Hawaii has 13 community health centers serving more than 80,000 people on five islands with medical, dental and behavioral health services.
"They are also notable for providing outreach, follow-up, health education and counseling, and intensive case management for their patients, many of whom have serious health problems complicated by poverty and other barriers," the news release said.
The Hawaii Primary Care Association was established in 1989 as a nonprofit organization to represent the community health centers and the interests of Hawaii's underserved populations.
Women's group to help diabetes association
The Hawaii Alumnae Chapter of the Alpha Gamma Delta Women's Fraternity will donate all money raised at its 13th Annual Grape Escape Wine Tasting and Fundraiser March 18 to the Hawaii chapter of the American Diabetes Association.
The event, from 2:30 to 5 p.m. at Shanghai Bistro in the discovery Bay Center, will include a silent auction with more than 40 gift baskets and many gift certificates.
The cost is $40, which includes a dim sum buffet, wine courtesy of M&S Brokerage, a souvenir wine glass and goodie bag.
Tickets can be purchased by calling Mackinley Emmons, 282-8653.
The Hawaii Alumnae Chapter of Alpha Gamma Delta has supported diabetes education and awareness for many years.
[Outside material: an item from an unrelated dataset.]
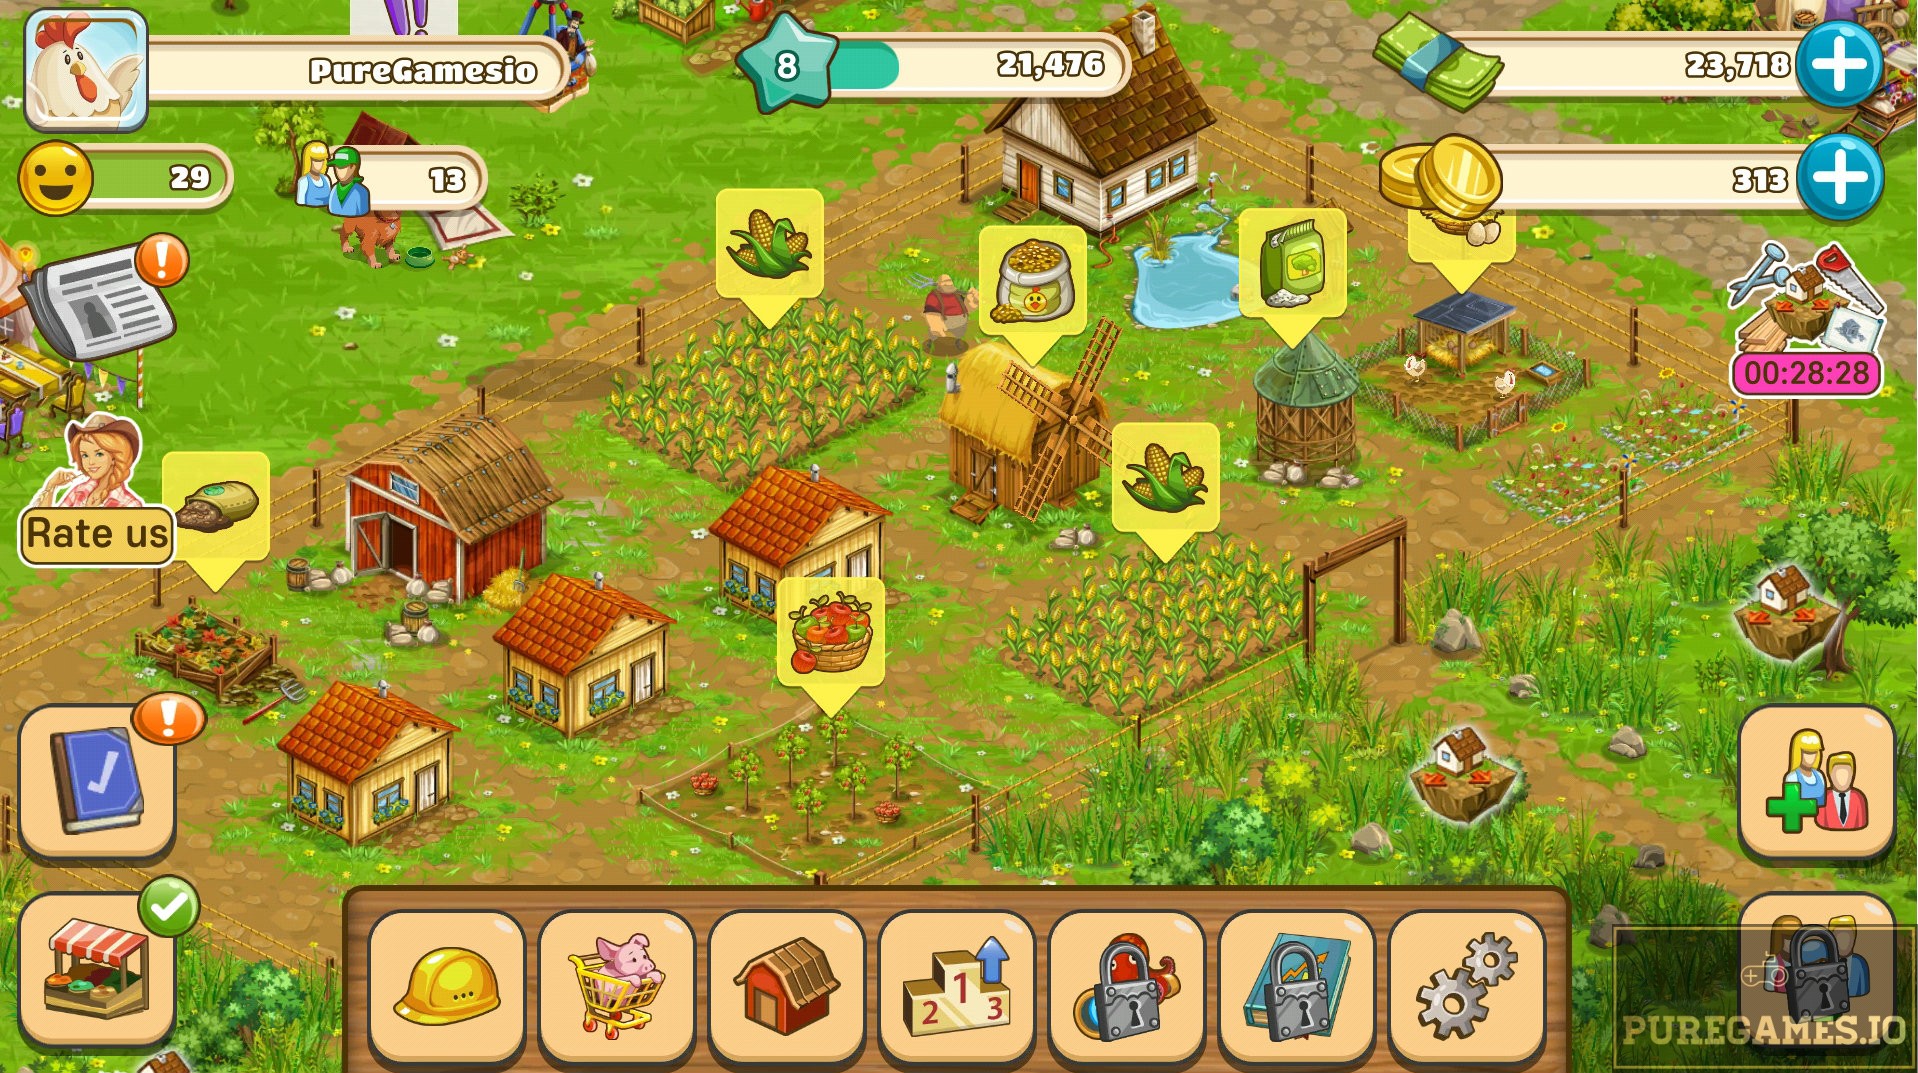 big farm mobile harvest game update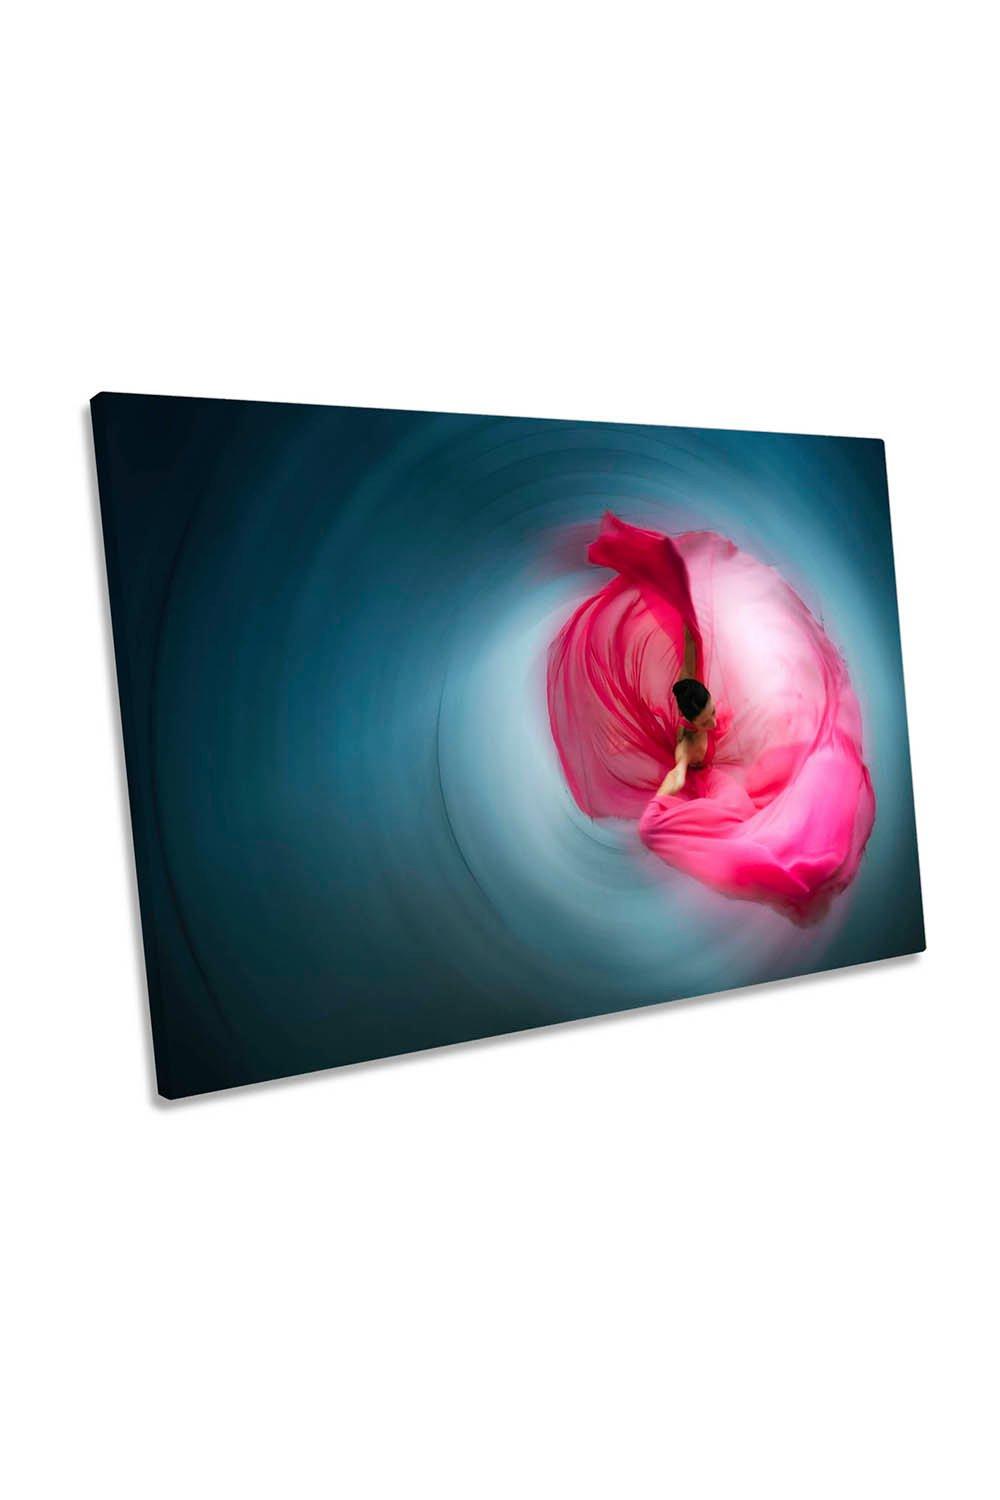 Pink Ballerina Dancer Dress Swirl Rose Canvas Wall Art Picture Print

The American Diabetes Association's mission is to prevent and cure the disease and improve the lives of those affected by it. For more information about diabetes, call 947-5979 or, from the neighbor islands, 888-DIABETES.
For details on the Grape Escape event, see www.alphagamhawaii.net/grapescape.
Vegetarian advocate to answer questions
Dr. William Harris, Vegetarian Society of Hawaii founder and director, will present a PowerPoint show answering frequent questions received through his VegSource Web site (www.vegsource.com/harris
) at 7 p.m. Saturday, McCoy Pavilion, Ala Moana Park.
He will explain some flaws in "establishment nutritional theory" and why anyone can follow a vegetarian diet, according to a news release.
Harris was an emergency doctor and director of the Kaiser Permanente Vegetarian Lifestyle Clinic before retiring. He earned his medical degree from the University of California and is the author of "The Scientific Basis of Vegetarianism."